Another central research focus of the group is the physics-based interpretation of ELO data (Electron Optical Data) for the precise characterization of the electron beam in powder bed–based electron beam melting. Accurate knowledge of the beam profile, power density distribution, and focal position is essential for understanding energy deposition and forms the foundation for reliable process simulations and reproducible manufacturing strategies.
At the core of this work are raytracing-based models that reproduce the electron beam along the entire electron-optical system, from the cathode assembly to the powder bed surface. Building on these models, methods are developed to reconstruct the actual beam profile from experimentally accessible ELO measurements. This makes it possible not only to determine effective beam diameters, but also to capture complex intensity distributions, aberrations, and process-relevant deviations from idealized Gaussian beam profiles.

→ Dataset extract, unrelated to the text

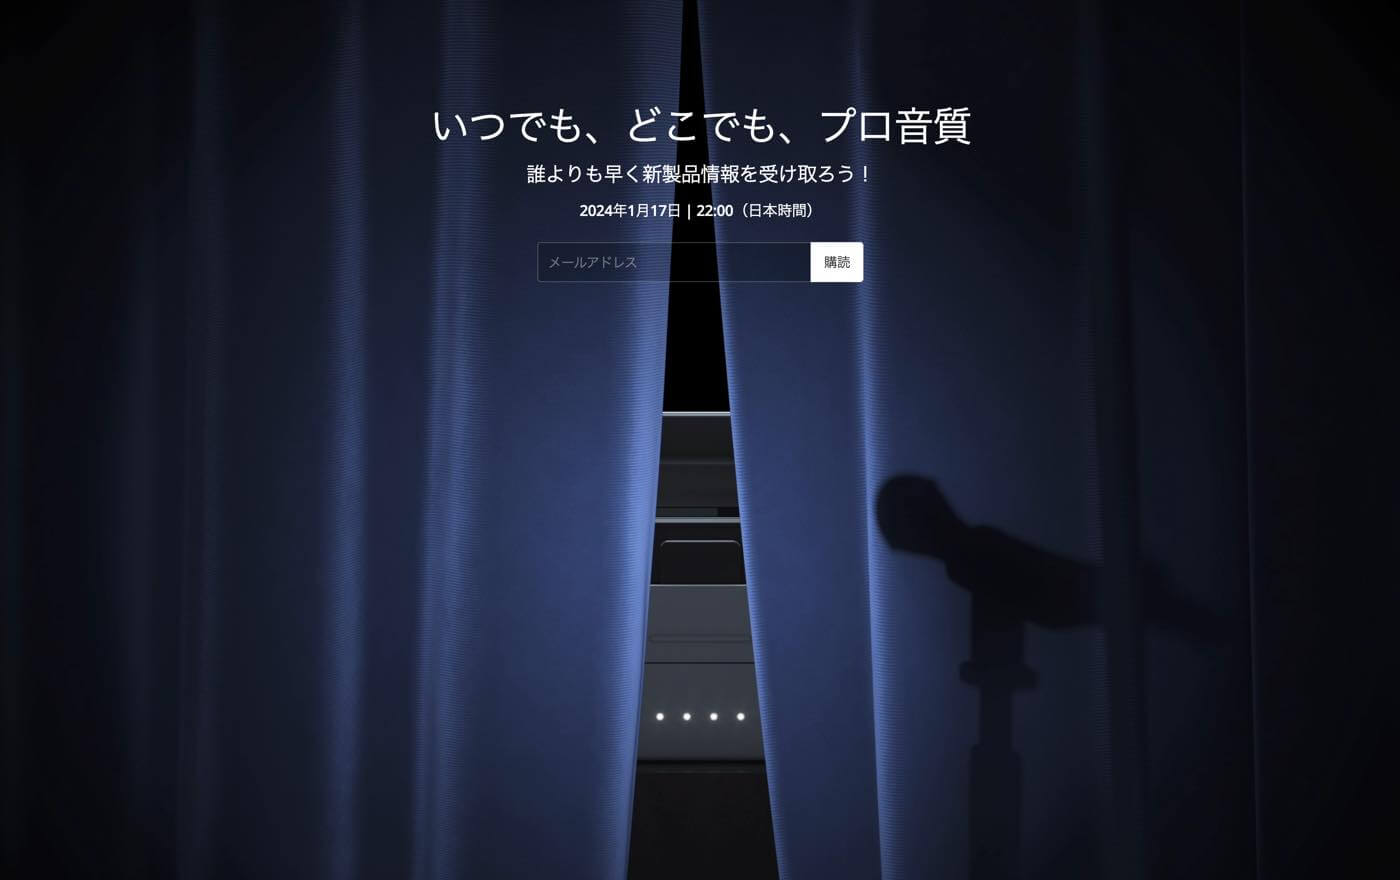 DJI、新型ワイヤレスマイク｢DJI Mic 2｣のティザーページを公開 ｰ 1月17日22時に発表へ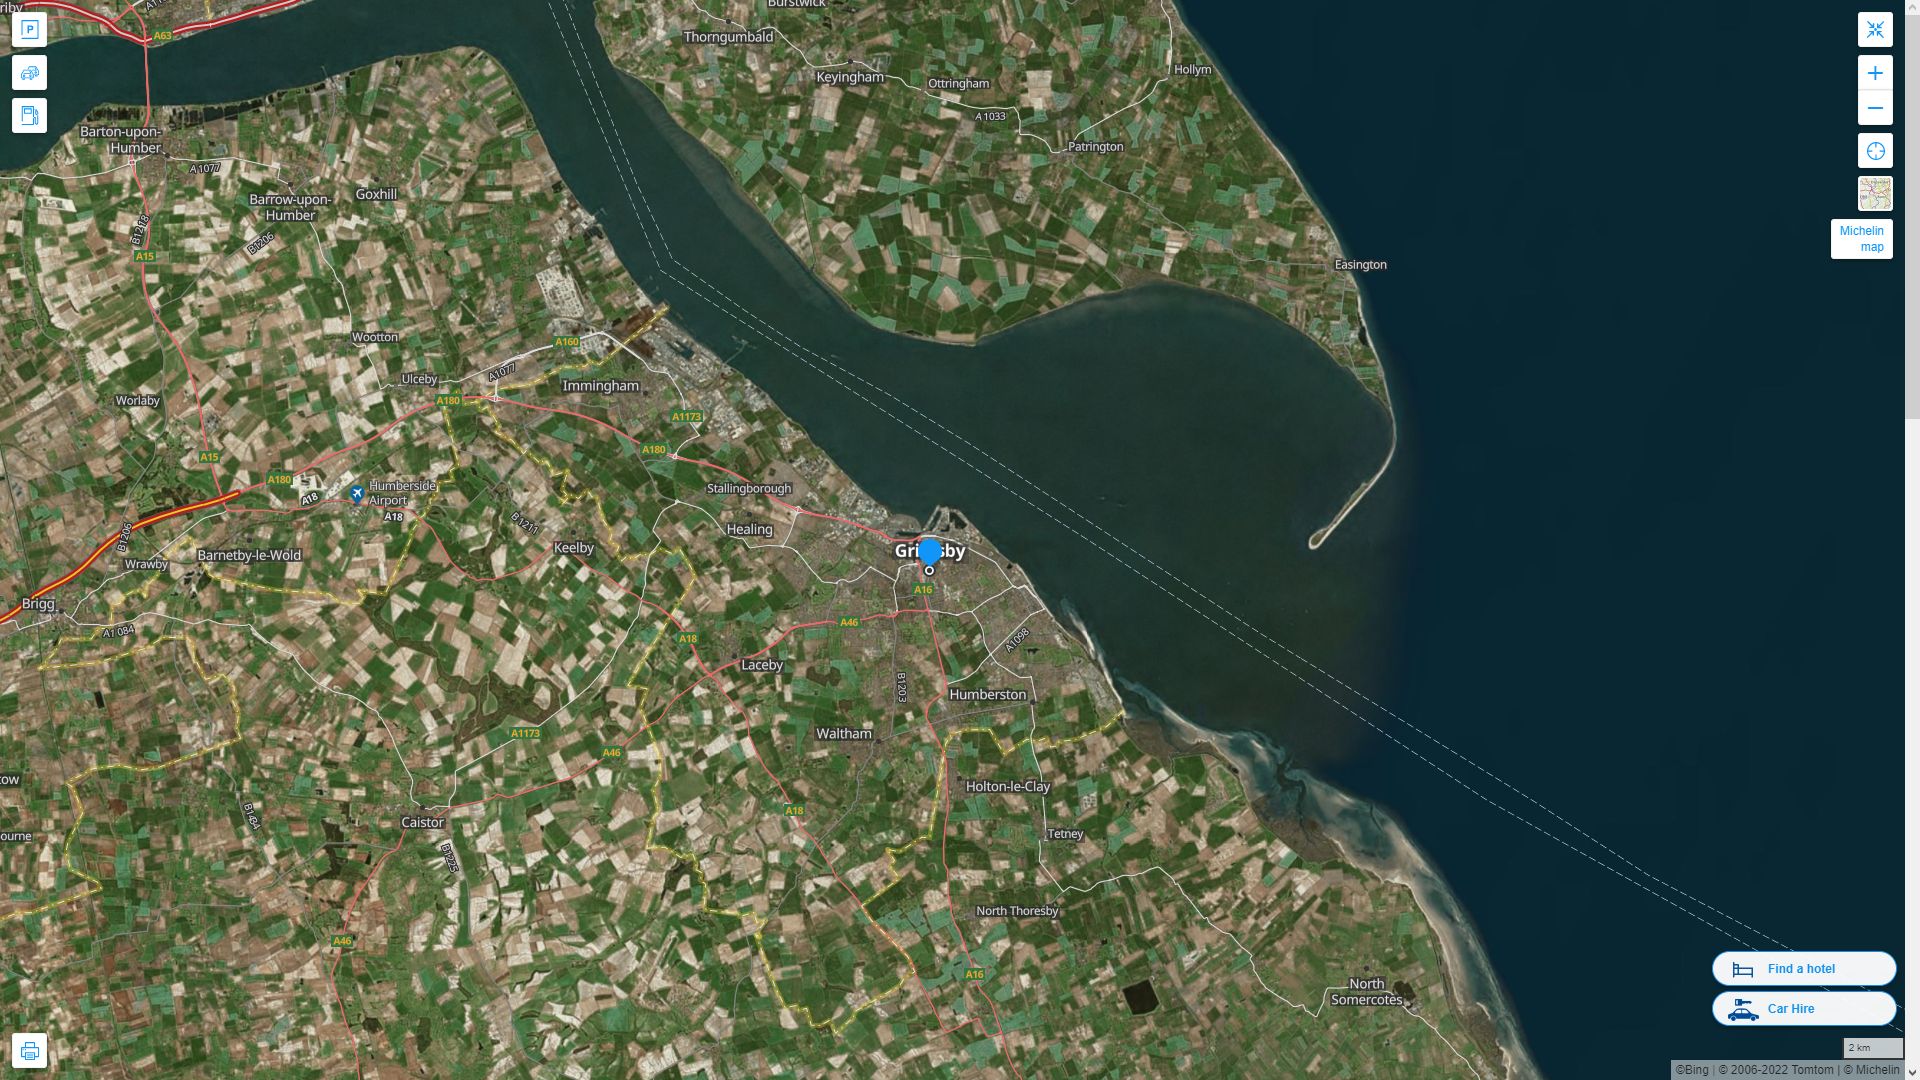 Grimsby Royaume Uni Autoroute et carte routiere avec vue satellite

These activities make a substantial contribution to the quantitative linkage between machine parameters, beam physics, and the resulting melt behavior. The insights gained are directly integrated into numerical process models, enabling a far more realistic description of local energy deposition than is achievable using simplified beam assumptions.
Research on ELO data interpretation was largely driven within the framework of the Collaborative Research Center SFB 814 “Additive Manufacturing” and today forms a key pillar for subsequent projects. In particular, within the ERC project AMELI, the developed raytracing and reconstruction approaches provide the basis for a consistent, physics-based description of the electron beam process—from electron optics to the resulting microstructure.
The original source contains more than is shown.